La plupart de ces terroristes étaient des délinquants parfaitement matérialistes, gagnant leur vie à coup de kalachnikov. La rapidité de leur lavage de cerveau reste un mystère. Tout comme leur conversion de truands en djihadistes. Comment l’objectif de se transformer en viande de boucherie à la seconde a-t-il pris le pas sur leur propre intérêt, qui serait d’abord de vivre ?
Interrogé par Causeur en septembre 2015 sur la possible « relation entre le déclin de la lecture chez les jeunes et un certain ensauvagement de l’individu contemporain », le philosophe Peter Sloterdijk nous donne un indice : « Le djihad, c’est une sorte d’intrusion de la bande dessinée dans la biographie classique. Autrefois, la lecture rendait les individus capables de mener une vie qui ressemble à un livre. L’individu, c’est l’animal autobiographique. Aujourd’hui, la bande dessinée martiale est en train de saper l’ancienne culture autobiographique, avec, dans le cas du djihad, la promesse d’une mort précoce comme supplément d’âme. »
Autrement dit, l’avènement de la culture occidentale va de pair avec le désir individuel de faire quelque chose de sa vie. Des individus qui proviennent d’une culture où la communauté (Oumma) tend à prendre plus d’importance que l’individu, plongés dans une culture où la réussite individuelle est primordiale, peuvent opérer un court-circuit sinistre en essayant d’exister non par leur vie, mais par leur mort. Mohamed Merah, dont le seul accomplissement fut de se faire abattre après avoir assassiné huit enfants et adultes, est pourtant une star des banlieues.
L’objectif suprême de ces truands-djihadistes serait de se faire un nom. Comme leurs cursus ne leur permet pas de devenir artistes ou savants, et que la carrière de truand mène à une impasse existentielle (où l’on passe plus de temps en prison qu’en liberté), ils se jettent dans l’horreur, comme Erostrate qui incendia le temple d’Ephèse dans le seul but que l’on retienne son nom.
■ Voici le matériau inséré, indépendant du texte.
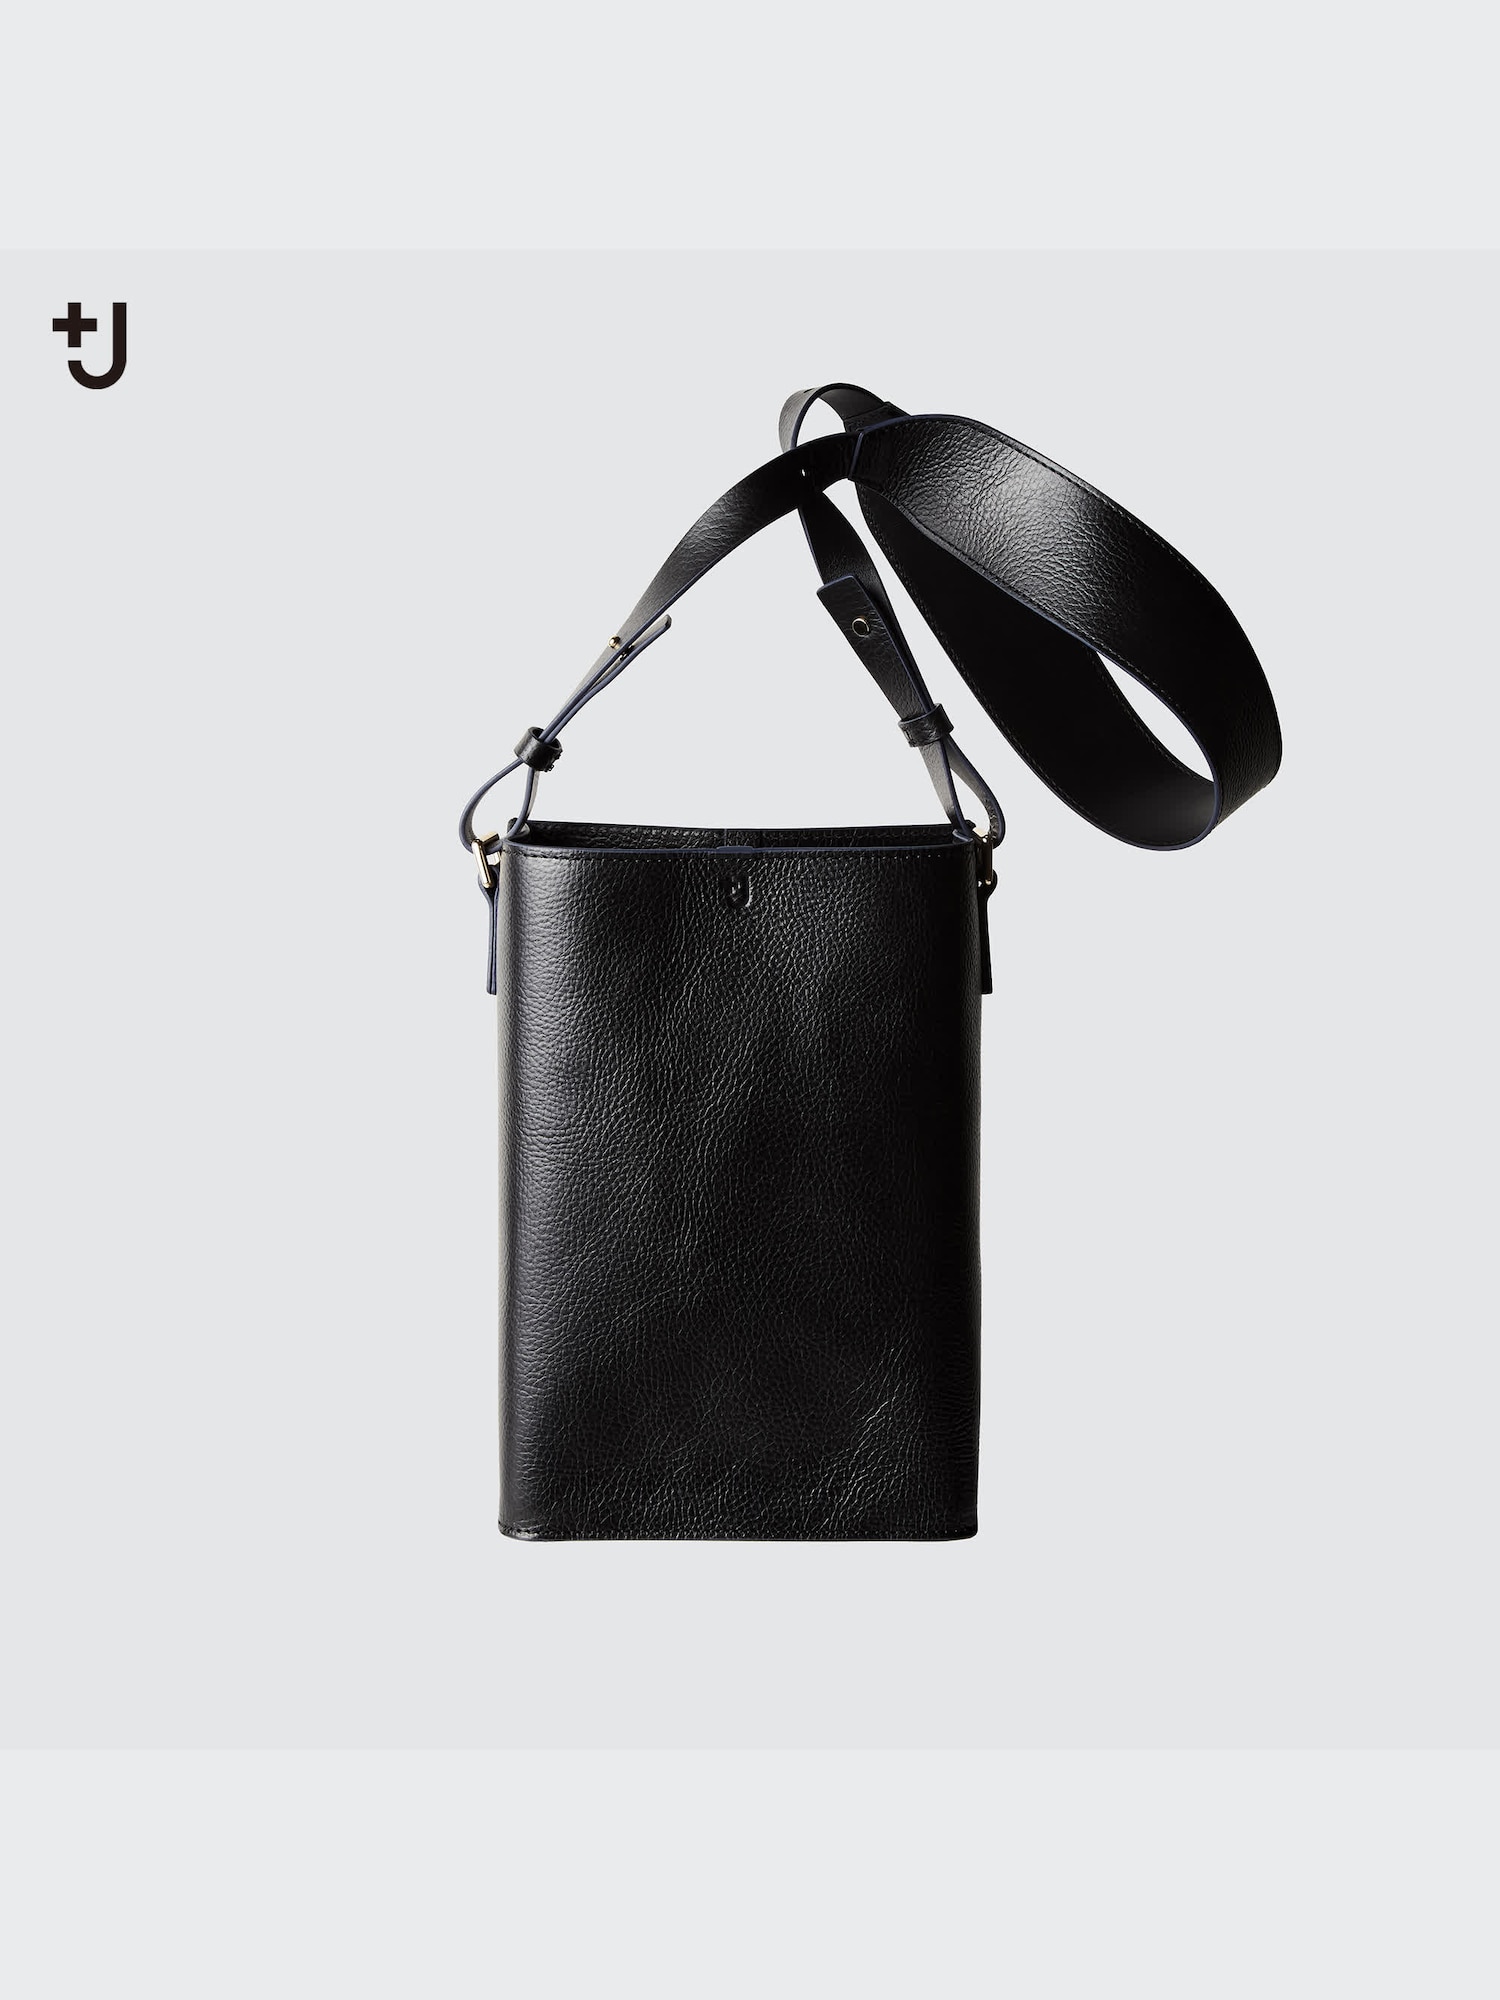 J Leather Shoulder Bag | UNIQLO US
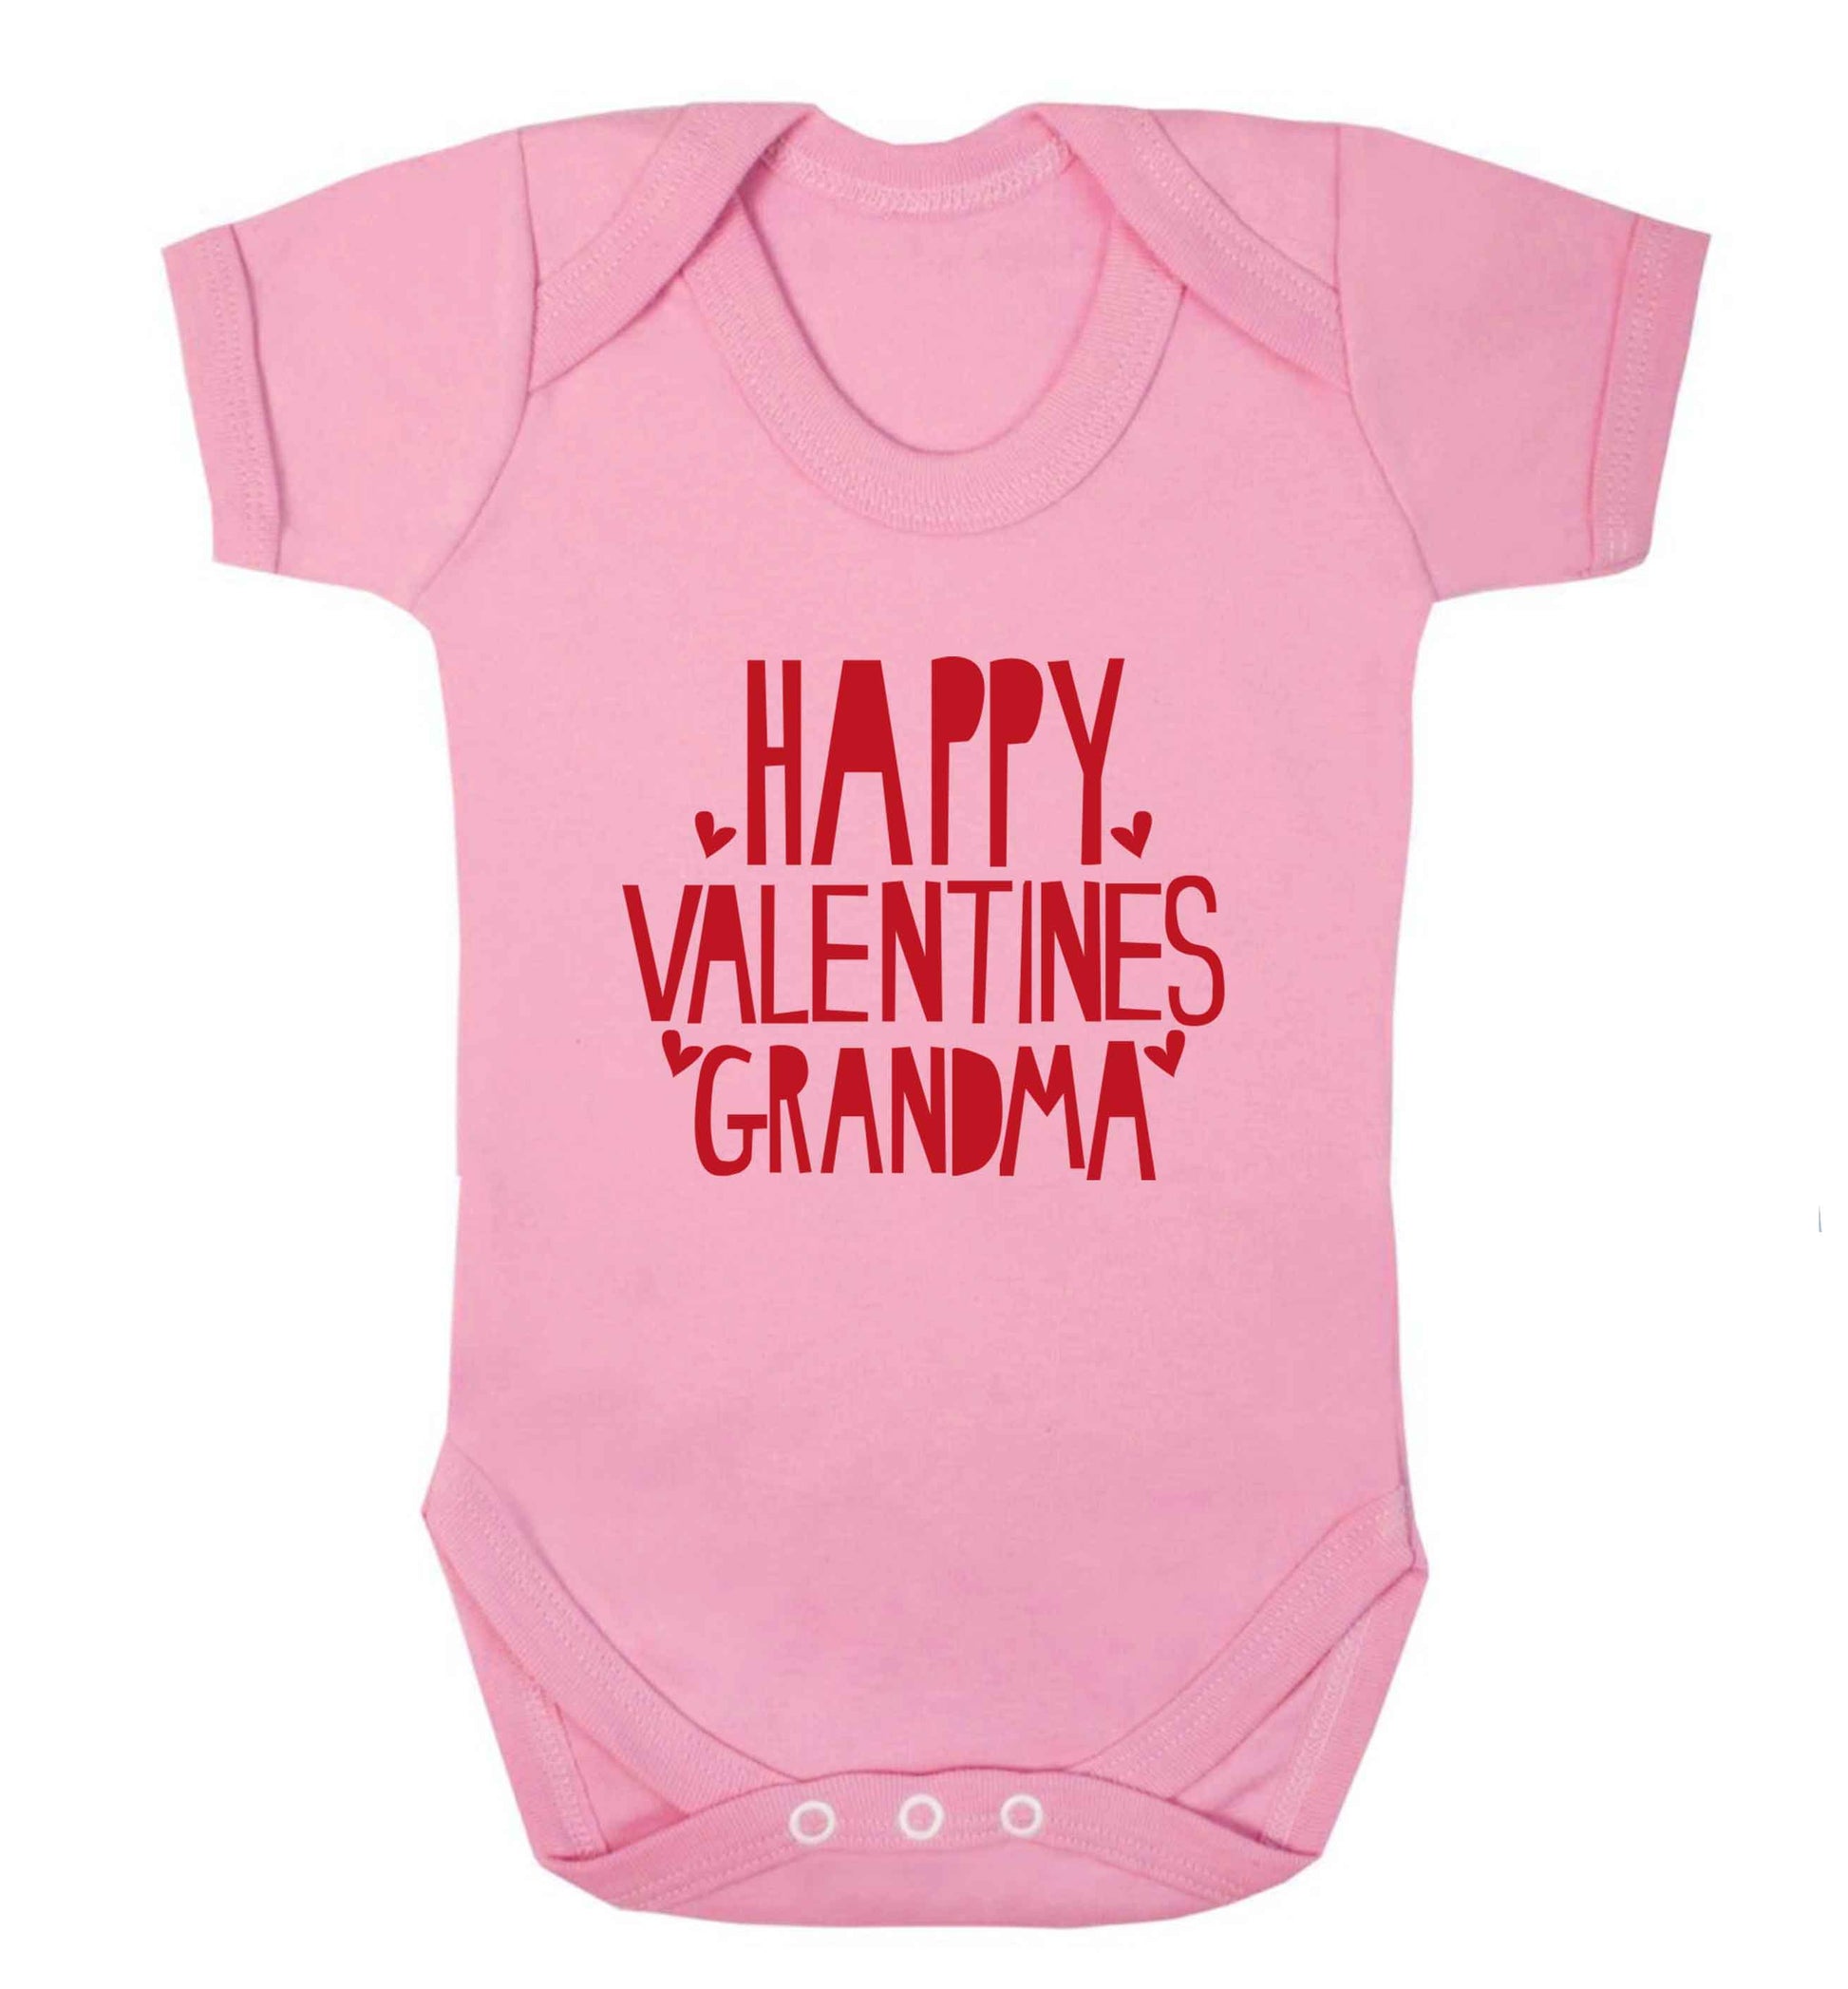 Happy valentines grandma baby vest pale pink 18-24 months

Cette quête de notoriété est d’autant plus pathétique que dès qu’on cite les noms d’un groupe d’islamistes – avec leurs pseudonymes – tout le monde s’y perd et personne ne les retient. Ceci pour des raisons démographiques et phonétiques. Leur communauté est minoritaire et les sonorités de leur nom restent inhabituelles.
Le problème s’aggrave d’un facteur sociologique. La plupart portent des prénoms et des noms arabes, alors que d’autres immigrés se sont empressés de donner à leurs enfants des prénoms locaux. Le prénom peut-être une forme de compromis culturel. Finkielkraut porte « un nom à coucher dehors », comme il le dit lui-même, mais son prénom Alain a certainement contribué à son intégration. A l’opposé, les prénoms arabes sont à peu près aussi contributifs pour l’intégration qu’un voile sur la tête. Cet obstacle s’ajoute à tous ceux que rencontrent les enfants d’immigrés.
Le problème fondamental est sans doute de ne pouvoir être reconnus par leur culture d’origine, qui ne reconnaît pas pleinement la valeur de l’individu – qui se doit d’être d’abord soumis –, tout en ne pouvant se faire reconnaître par une culture qu’ils rejettent. Il n’est dès lors pas étonnant qu’au-delà du suicide égoïste ou du suicide altruiste, définis par Durkheim, nos djihadistes de banlieue aient découvert le suicide haineux.
Empressons-nous d’oublier leurs visages et leurs noms.